The life of Patricia Highsmith has already been told in no fewer than three book-length biographies, their varied titles—Beautiful Shadow, The Talented Miss Highsmith, and Devils, Lusts and Strange Desires—suggesting just how differently each approaches the complicated, paradoxical writer. Celebrated but still too underrated, Highsmith influenced the course of crime fiction, lesbian pulp fiction, twentieth-century fiction in general—and cinema. Most of her novels would be adapted to the screen, some repeatedly, and adaptations of her work include some of the best films by Claude Chabrol, Todd Haynes, Alfred Hitchcock, and Wim Wenders, among others.
The approach filmmaker Eva Vitija takes to Highsmith is signaled by the title of her new documentary, Loving Highsmith (2022). Rather than try to fit an entire life, or career, into one film, Vitija judiciously views Highsmith through the eyes of her lovers and, to a lesser extent, her family. Interviewing family members back in Fort Worth, as well as lovers who knew Highsmith from her first successes in the 1950s to her death in 1995, the film is able to give some sense of the entirety of a life—as well as a half-century of queer life in the United States and Europe, with reminisces of the lesbian bars of Greenwich Village in the ’50s and the drag and trans bars of late ’70s Berlin, where Highsmith got a kick out of the drag kings on stage—as well as spotting David Bowie in the audience alongside her.
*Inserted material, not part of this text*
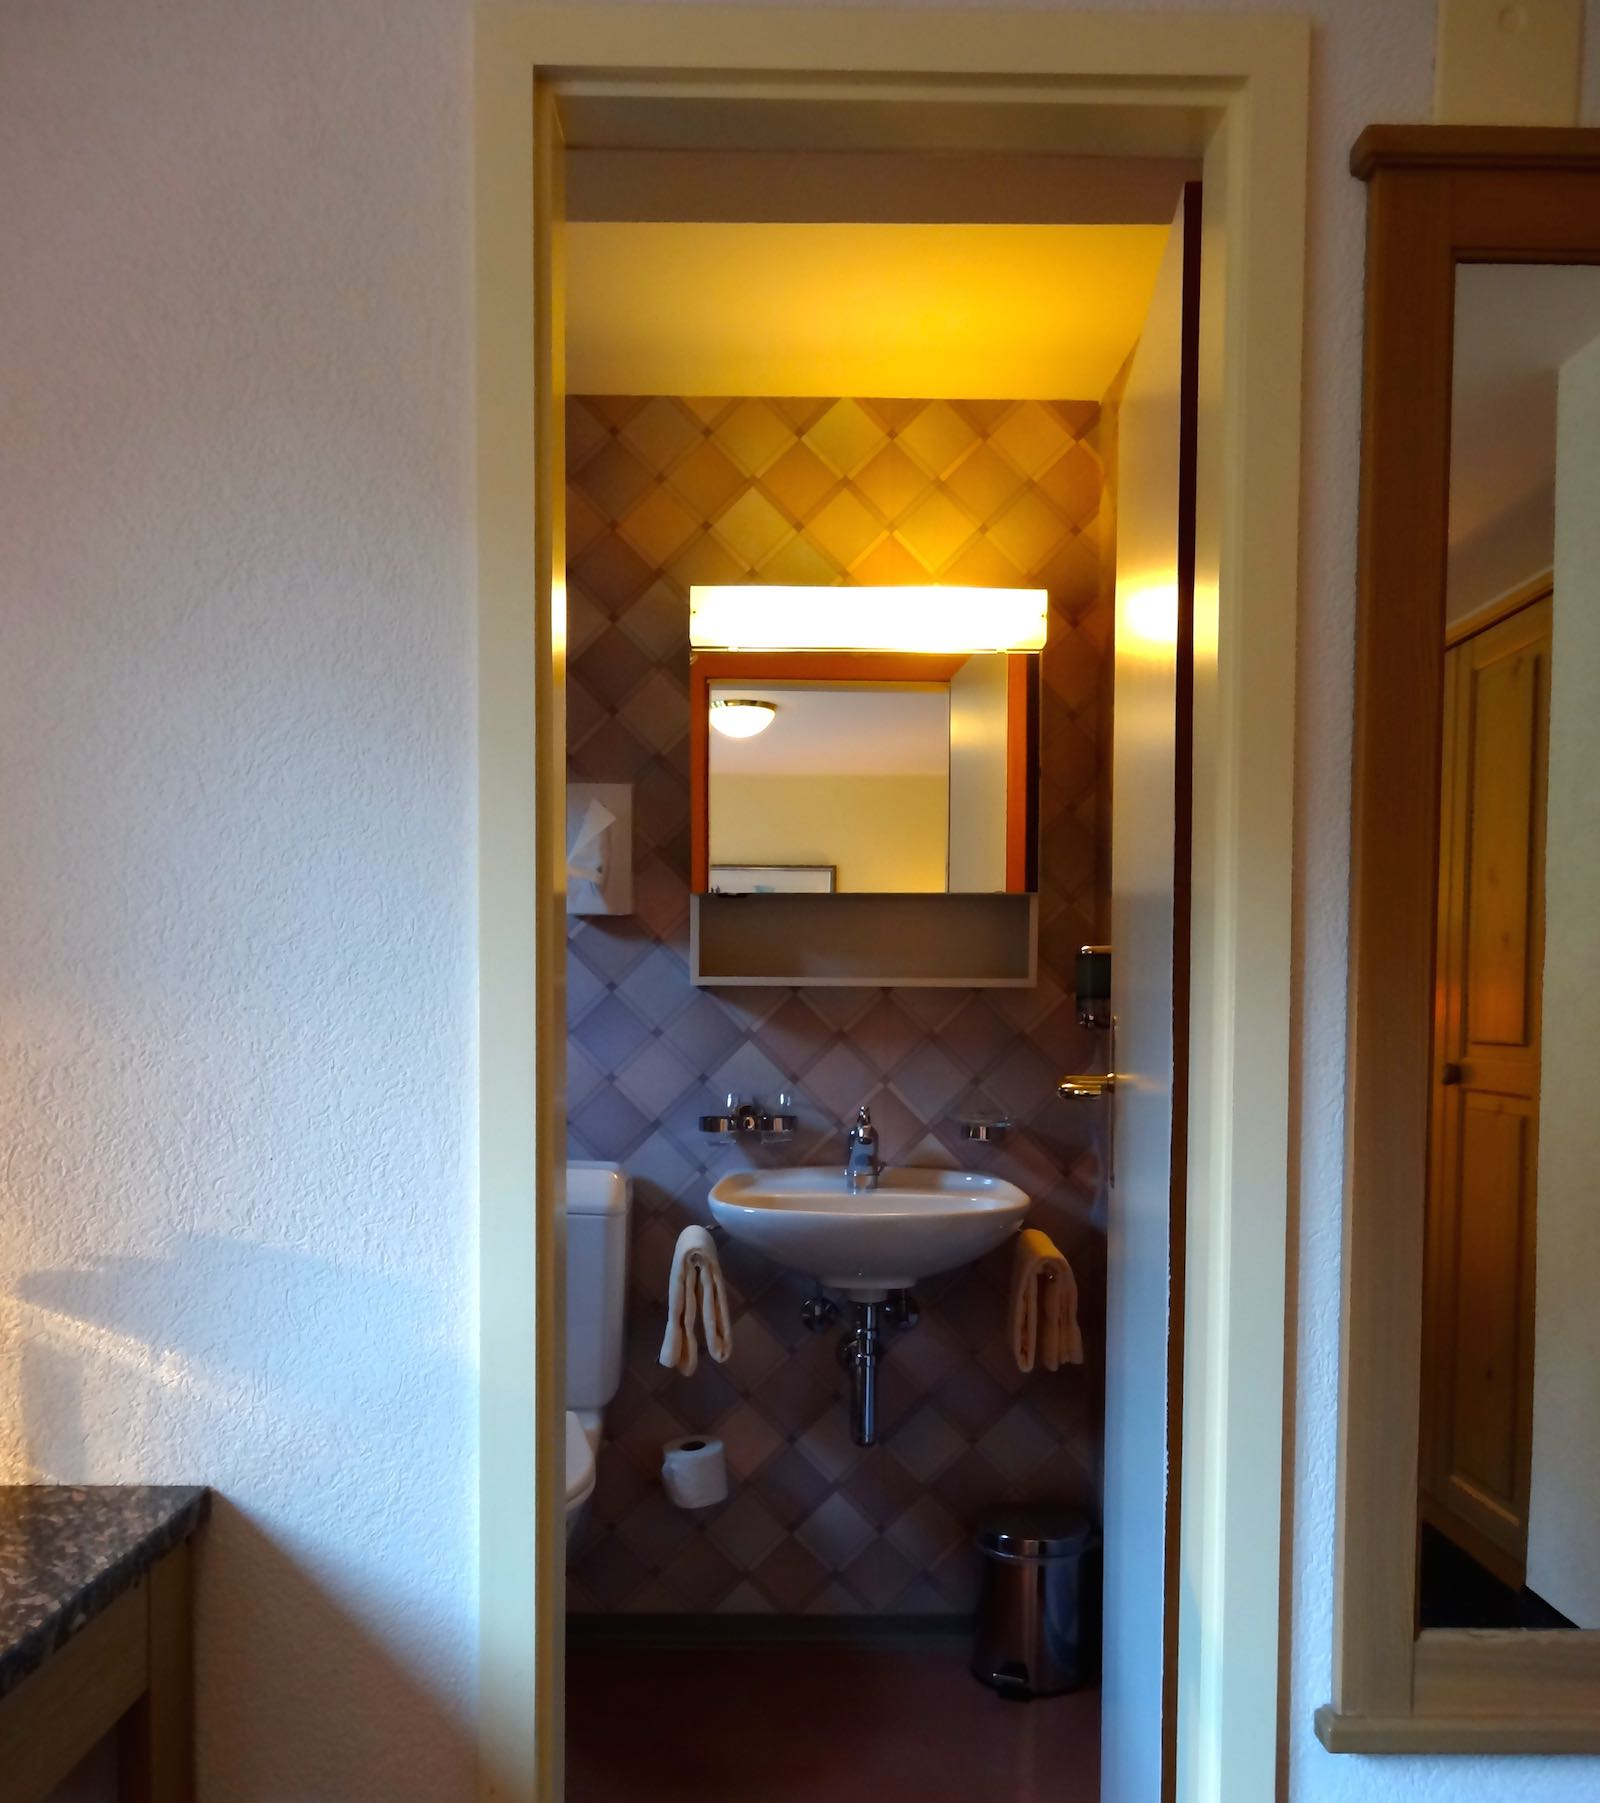 http://hoteljungfrau.ch/wp-content/uploads/2014/11/standard-zimmer-5.jpg

Among the former lovers interviewed are famed lesbian pulp novelist Marijane Meaker and Ulrike Ottinger’s star and collaborator Tabea Blumenschein. A joy to watch, these interviews, as well as those with former lover Monique Buffet, make Loving Highsmith a useful document of the writer, her time, and her milieu. That Blumenschein died two years before this documentary would be released grimly underscores the value of the interviews Vitija has conducted. When Meaker remembers her attempt to keep house with Highsmith in Bucks County, Pennsylvania, Highsmith readers may discern the setting and struggles of her novel Edith’s Diary. In her later jaunts between France and England to visit her secret, closeted lover, readers may trace the repeated cross-channel trips of Tom Ripley in Ripley Under Ground. In both Blumenschein and Buffet, readers will recognize the twin models for the boy of The Boy Who Followed Ripley. Little wonder Highsmith took particular interest in drag kings: women like Blumenschein and Buffet, and especially Highsmith herself, find male alter egos in her fiction. “Ripley, c’est elle,” Buffet says of Highsmith’s most celebrated creation, Tom Ripley, paraphrasing Flaubert’s famous statement, “Madame Bovary, c’est moi.” Blumenschein recounts plans she and Highsmith had to make their own Ripley film with Blumenschein playing Ripley. (Blumenschein also talks of a pirate movie she and Highsmith planned to make, raising questions of what influence Highsmith might have had on Madame X: An Absolute Ruler [1978], the film Blumenschein would eventually make with Ottinger.)
Buffet is able to offer insight into Highsmith’s final years, as she built her last, fortress-like home, in Switzerland. (Intriguingly, as with William S. Burroughs, another significant writer to emerge from postwar America, the home she designed for herself would be called “the bunker.”) In presenting Highsmith from the perspective of those who loved her, Loving Highsmith serves as a corrective to the sensationalist way she is often presented now: as a grisly alcoholic, a callous and even cruel lover, a racist and an anti-Semite, who takes her pet snails out of her purse at parties. Toward the end, the voiceover narration briefly acknowledges the increasingly racist and anti-Semitic rants Highsmith recorded in her diaries in later years. However, the film largely overlooks such troubling details. But even the most ardent Highsmith fan would likely have to admit that (as with H. P. Lovecraft, or T. S. Eliot for that matter) the Highsmith who writes racist screeds is inextricable from the great writer. Presenting the lovable Patricia Highsmith, Loving Highsmith turns politely away from the more unsavory aspects of her life and writing. What it does offer viewers, although somewhat sanitized, is still a valuable portrait of the writer and her time, particularly through the interviews it records.
Loving Highsmith is now showing at Film Forum.